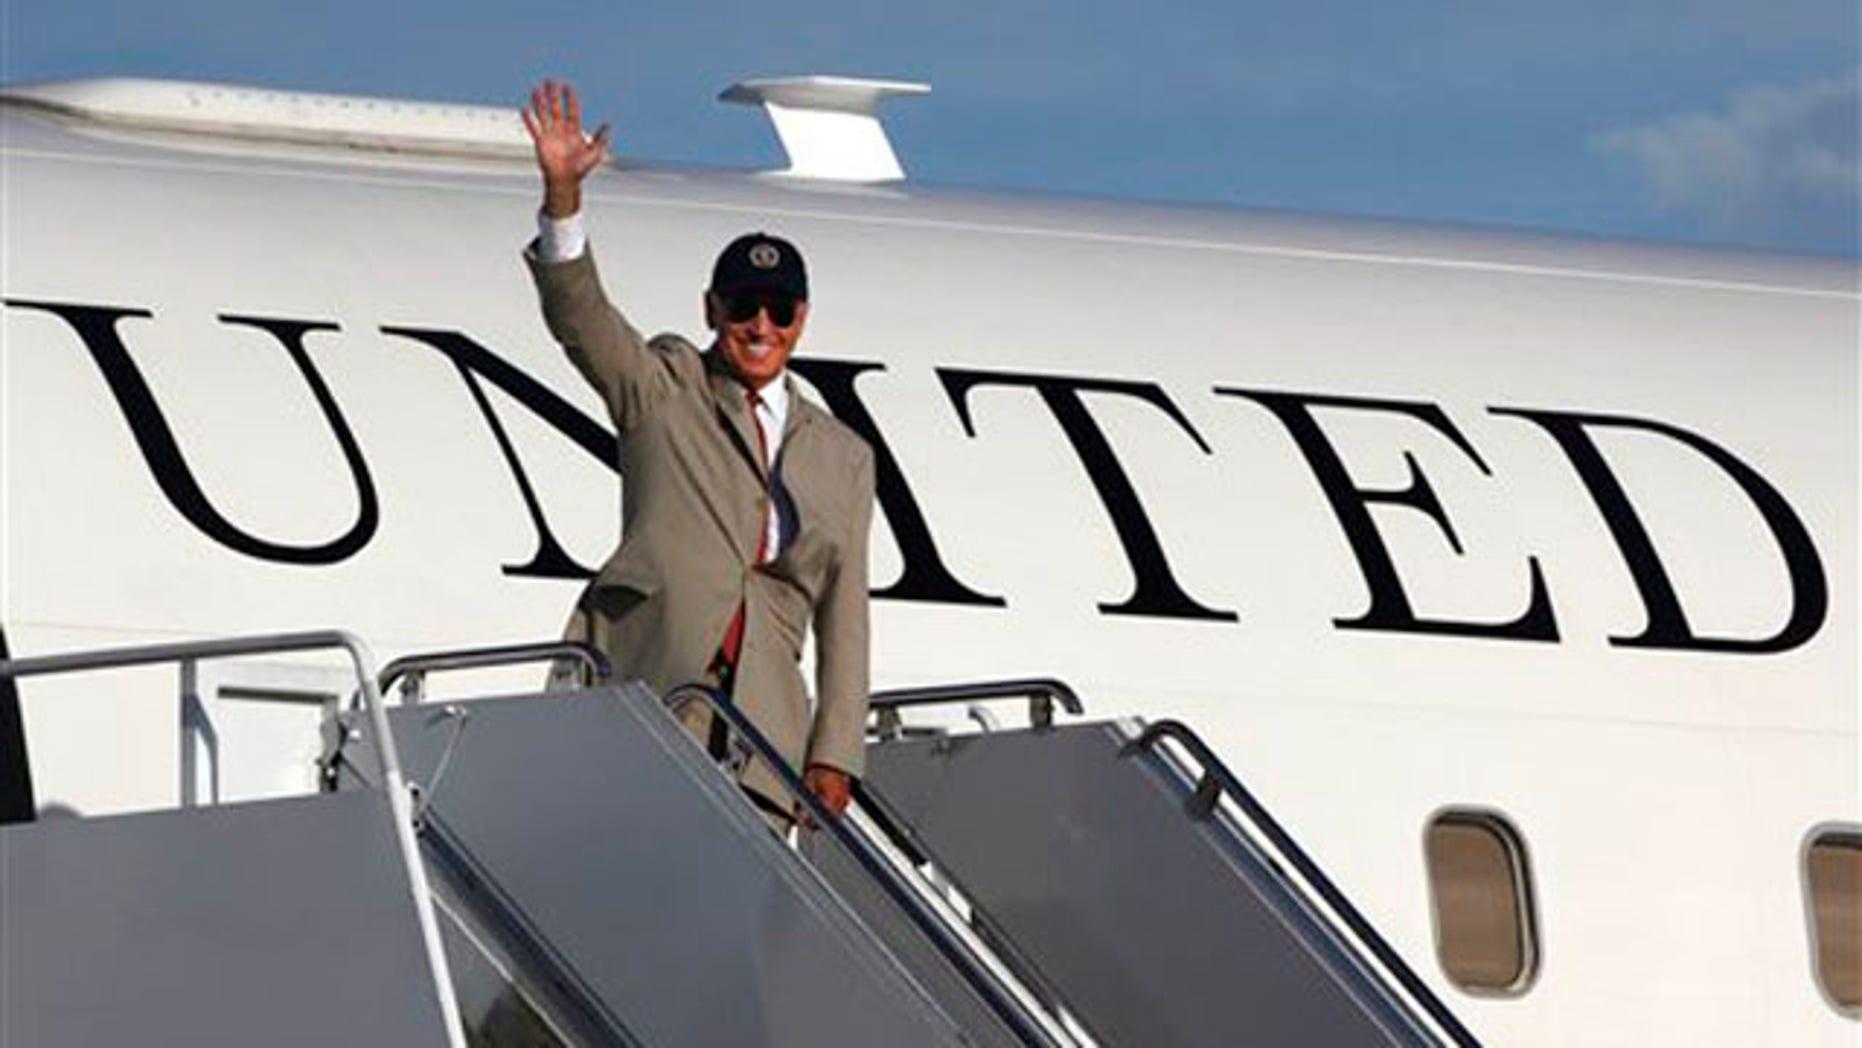 August 24: Vice President Joe Biden waves before boarding his plane at Yokota Air Base, on Tokyo's outskirts.
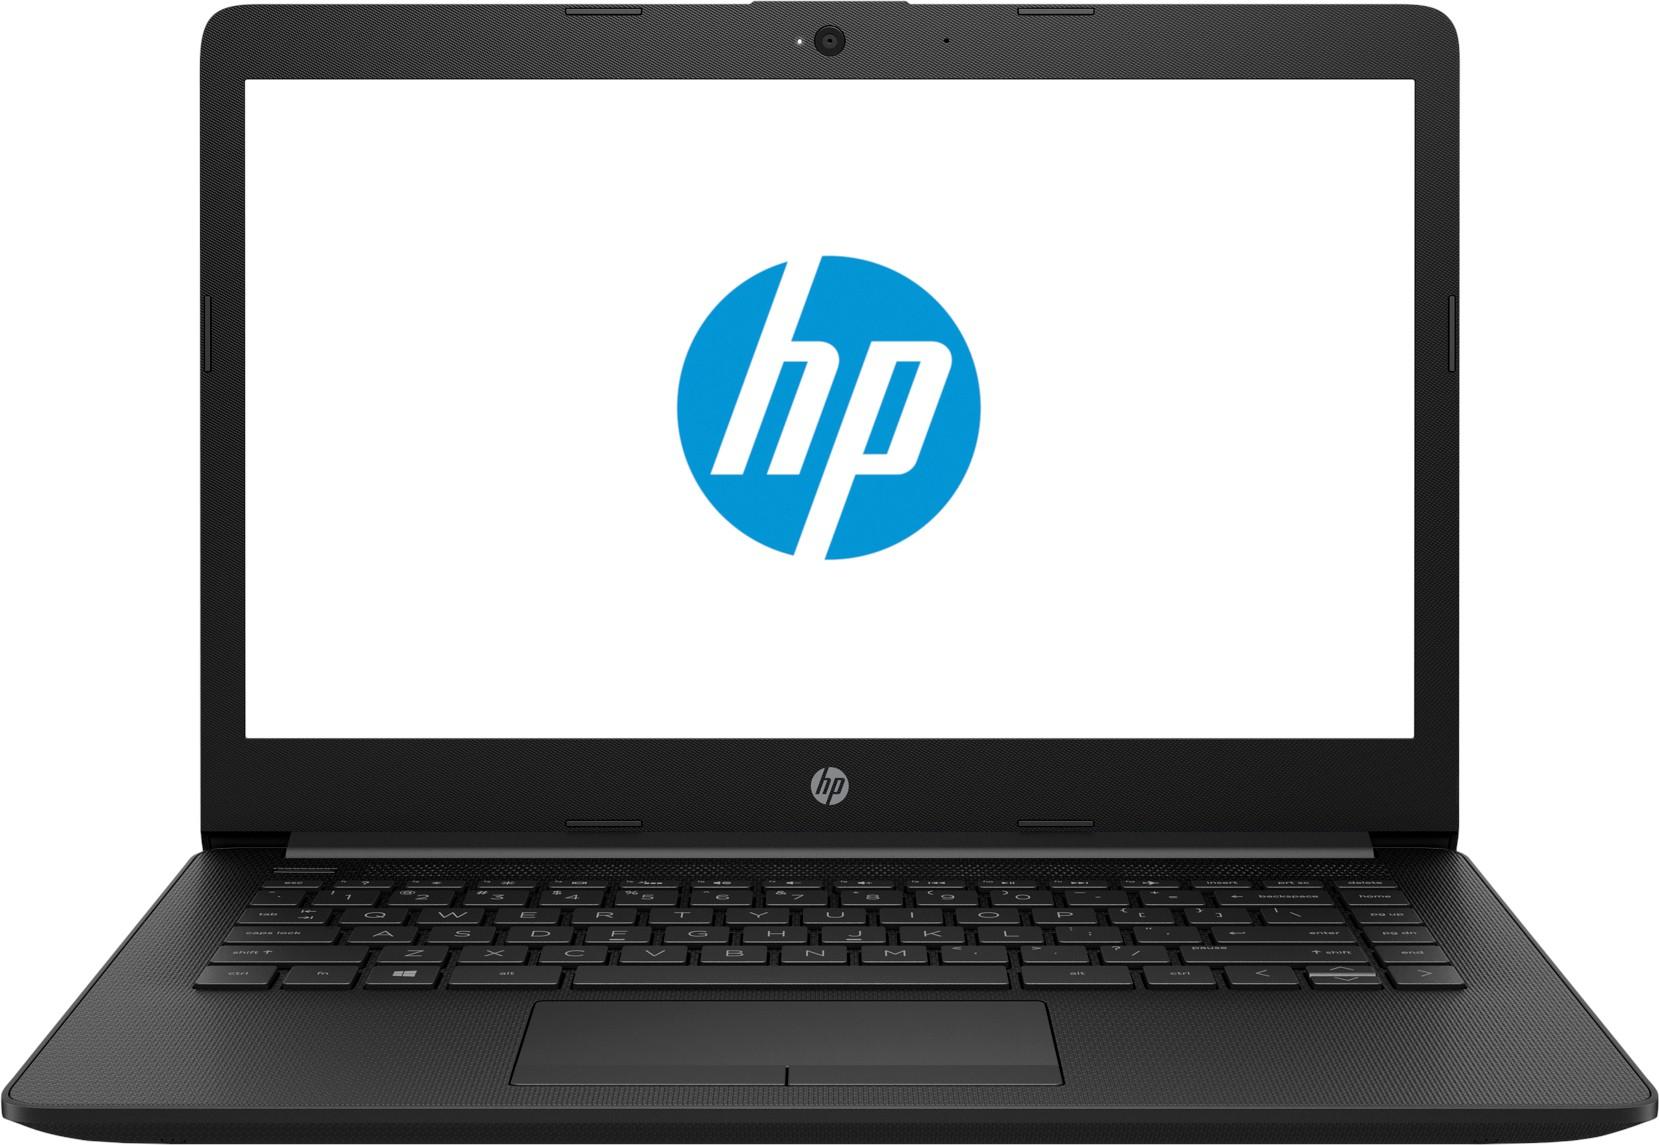 HP 14q Core i3 7th Gen 14q-cs0009TU Laptop Image
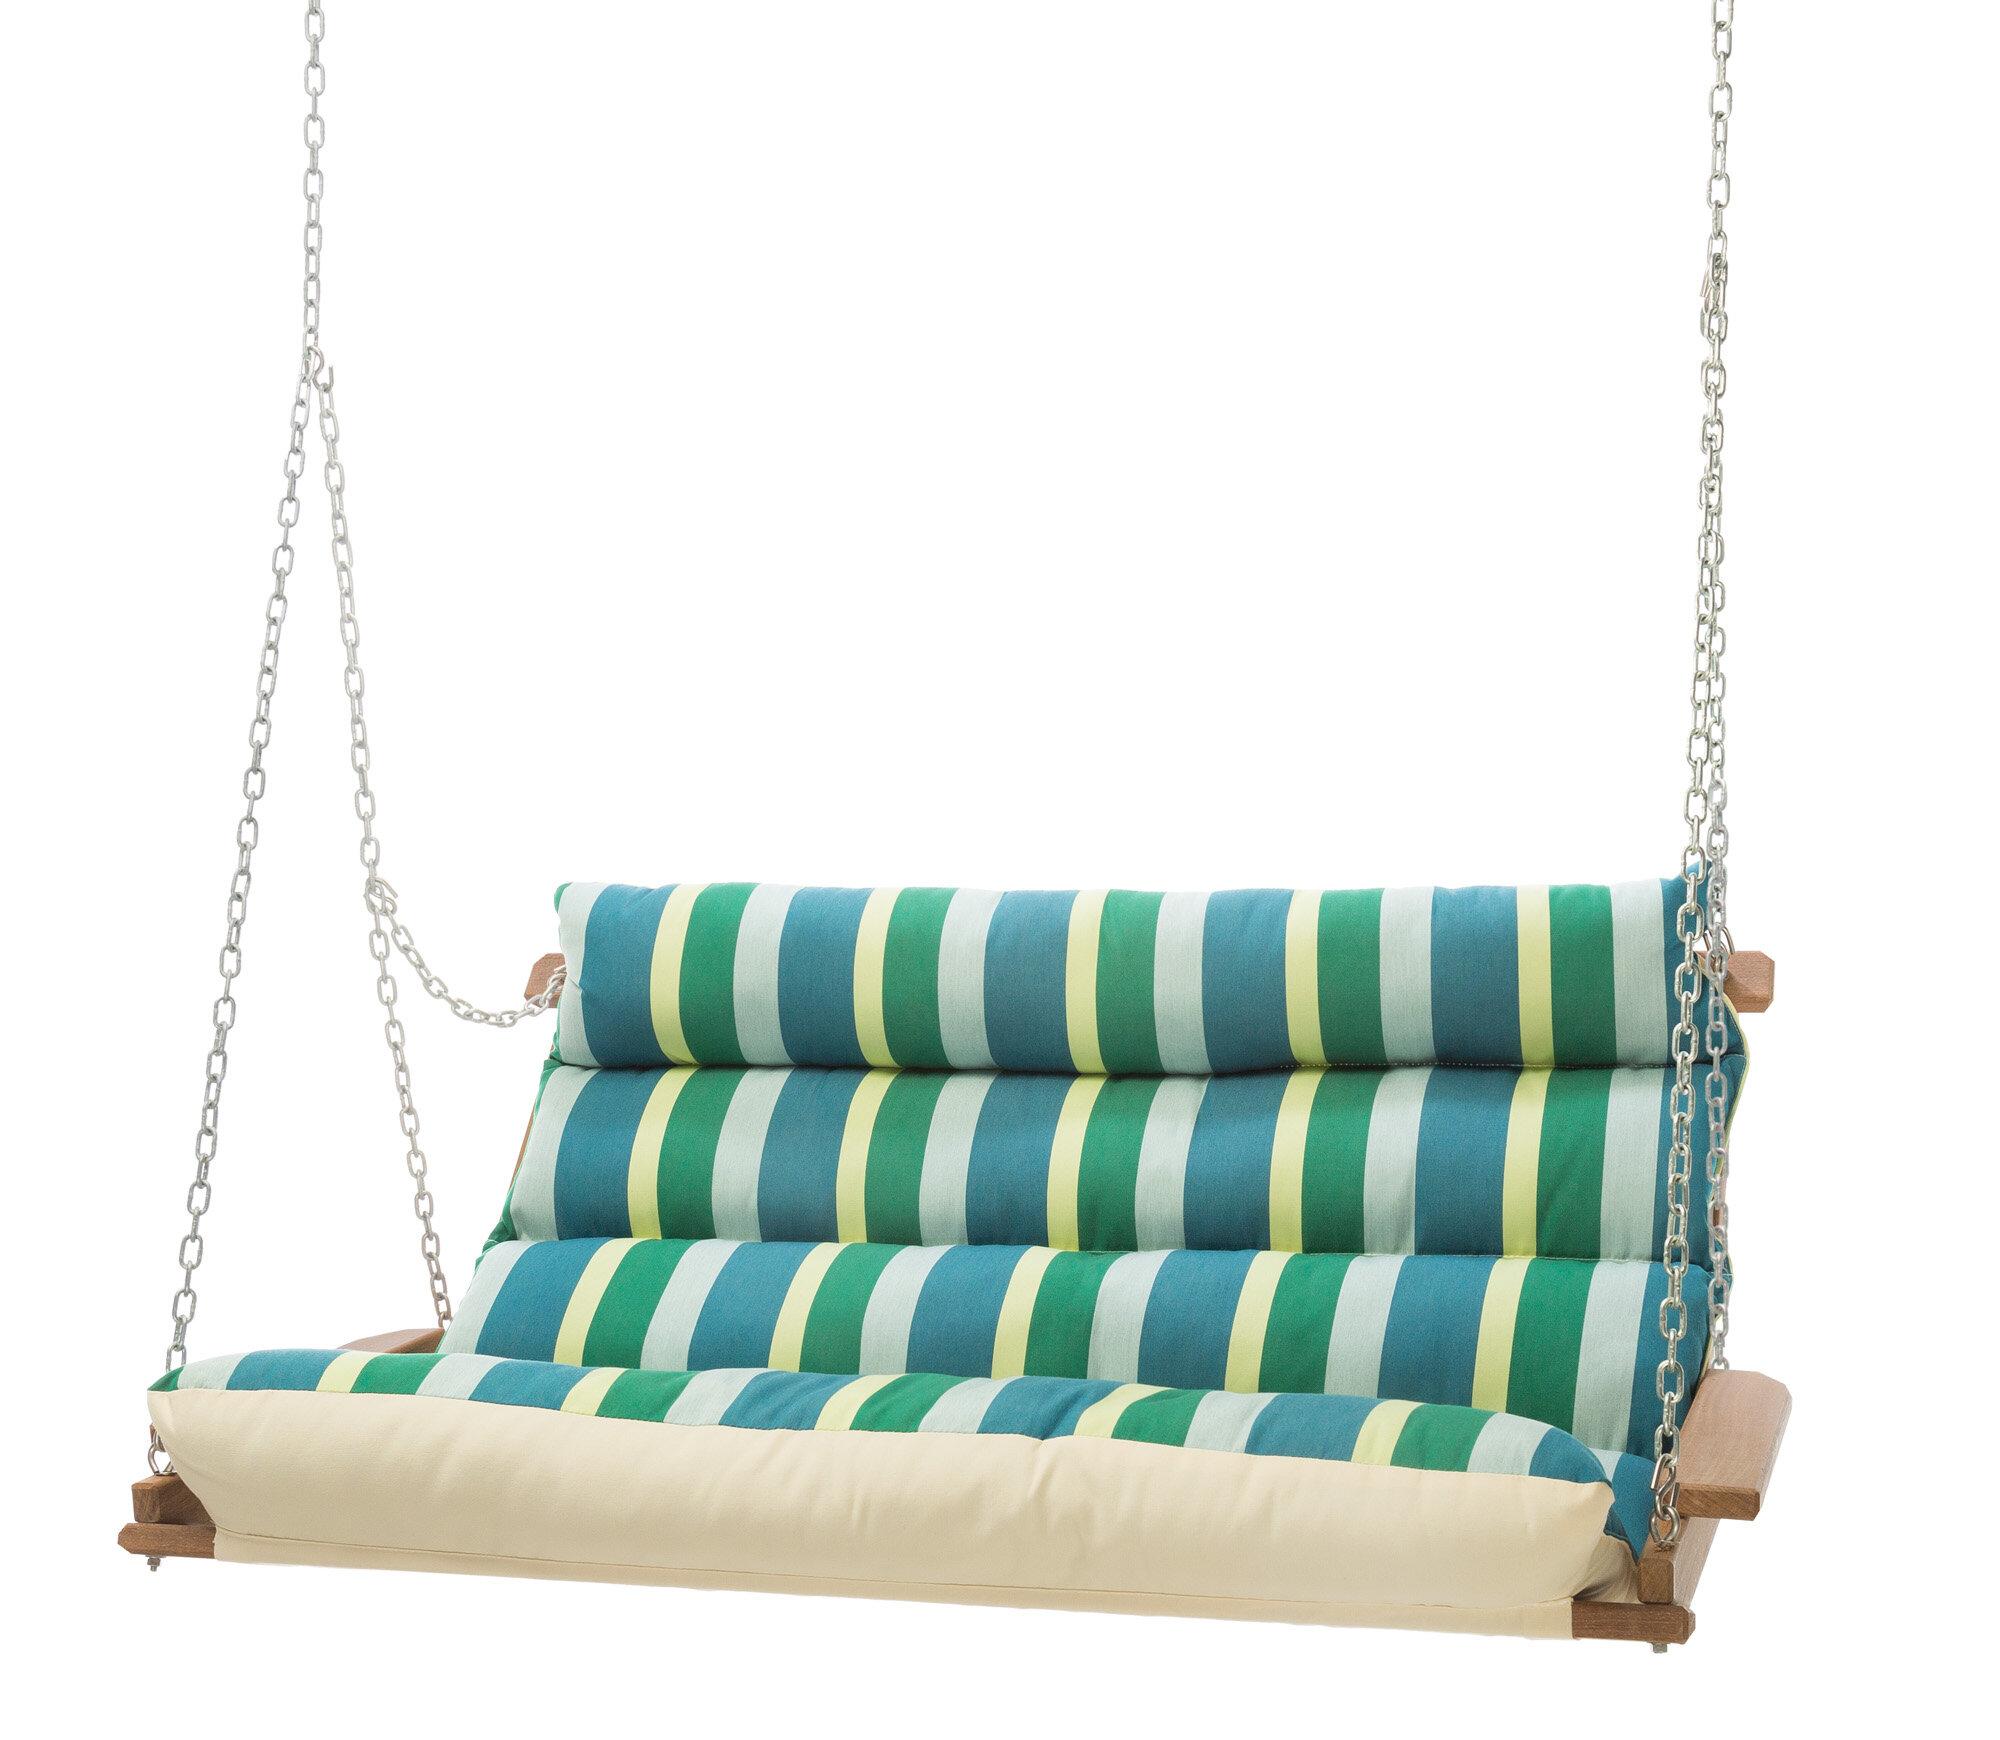 Pacheco Deluxe Sunbrella Porch Swing In Deluxe Cushion Sunbrella Porch Swings (View 3 of 25)

----

What the exercise asks:
Are you able to set down all the lines above exactly, without any pictures?

Result of the task:
 August 24: Vice President Joe Biden waves before boarding his plane at Yokota Air Base, on Tokyo's outskirts.
 HP 14q Core i3 7th Gen 14q-cs0009TU Laptop Image
 Pacheco Deluxe Sunbrella Porch Swing In Deluxe Cushion Sunbrella Porch Swings (View 3 of 25)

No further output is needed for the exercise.